The quasi-revelation about Claire and sort-of-revelation about Hiro pales in comparison to the other thing HRG and Quentin discover, namely Molly Walker’s recapture and how Renautus plans on using her. Namely, to power eyewear that allows its wearer to single out Evos. Essentially, the Google Glass version of Cerebro. Also, poor Molly Walker. Even as an adult, terrible things keep happening to her.
Finally, there’s Carlos’ story. Out of everyone, Carlos seems the most unconnected to everything else going on. We see how all the other pieces of everyone’s story tie together so far and some characters have already crossed paths with one another. However, Carlos is off doing his own thing, making it unlikely he encounters any of the other characters anytime soon (unless Luke and Joanne actually do decide to go after El Vengador). That said, Carlos’ “own thing” that he’s doing is pretty much “becoming Batman,” so I’m 100 percent fine with that.

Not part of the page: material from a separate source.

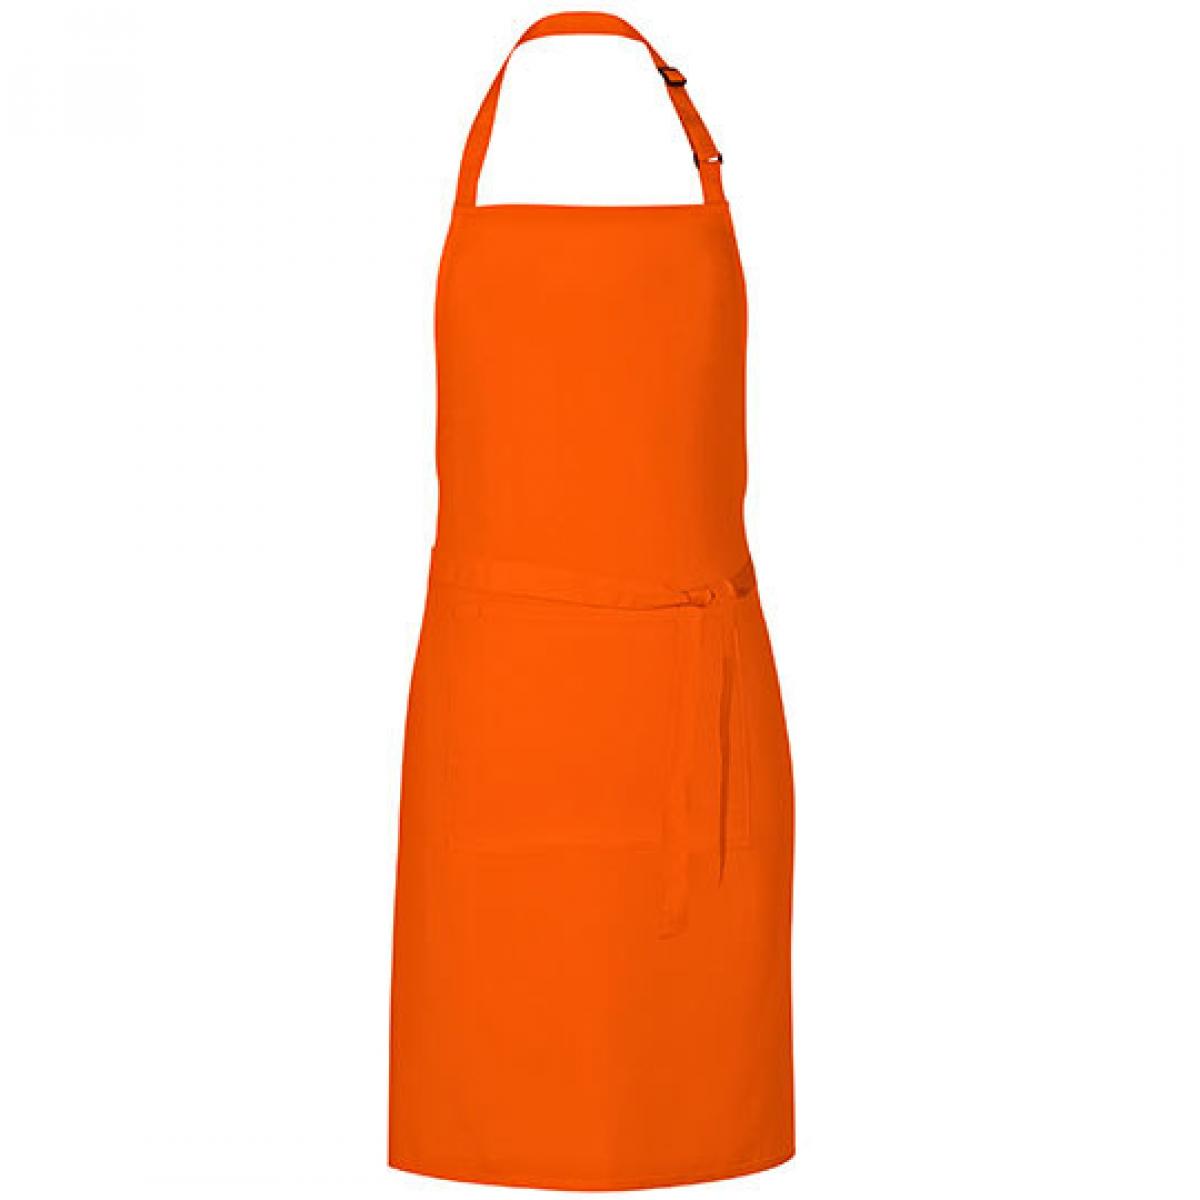 Hersteller: Link Kitchen Wear Herstellernummer: GS8572 Artikelbezeichnung: Grill Apron - 85 x 72 cm - Waschbar bis 60 °C Farbe: Orange (ca. Pantone 1655)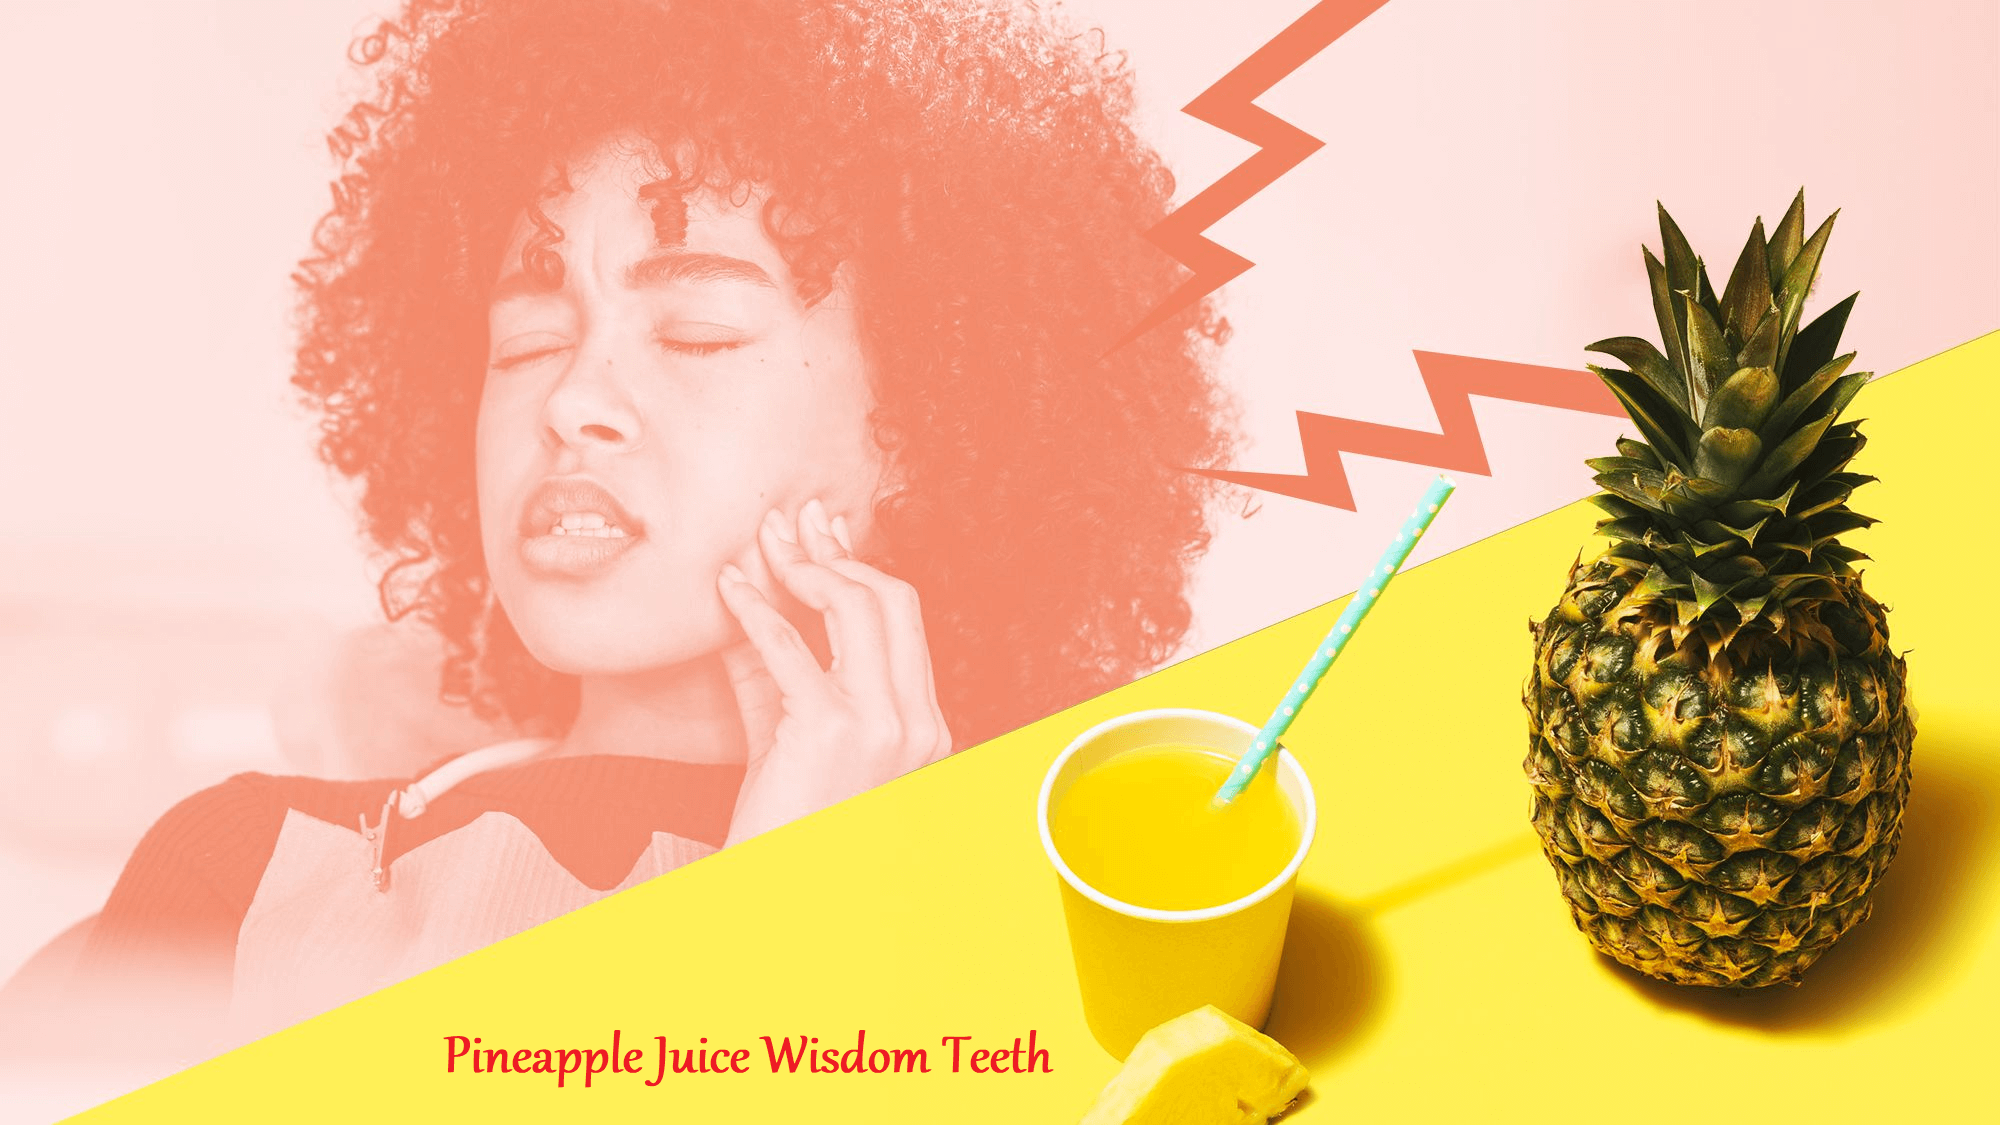 Pineapple Juice Wisdom Teeth

With three episodes down, “Heroes Reborn” still seems to be going rather strong. There’s no character I particularly dislike or am uninterested in. Some characters are actually very intriguing (please, please, please be a fifth dimensional imp) and I can’t wait to find out more. Kring said he wanted to go back to the idea behind the first season: ordinary people discovering they possess extraordinary powers. On the surface, he accomplished that goal. But deeper than that, he’s brought back the same feeling I had when I watched those first few episodes of the original series nearly a decade ago — that feeling of excitement and curiosity and speculation. “Heroes” has indeed been reborn, and it’s a great feeling to have back.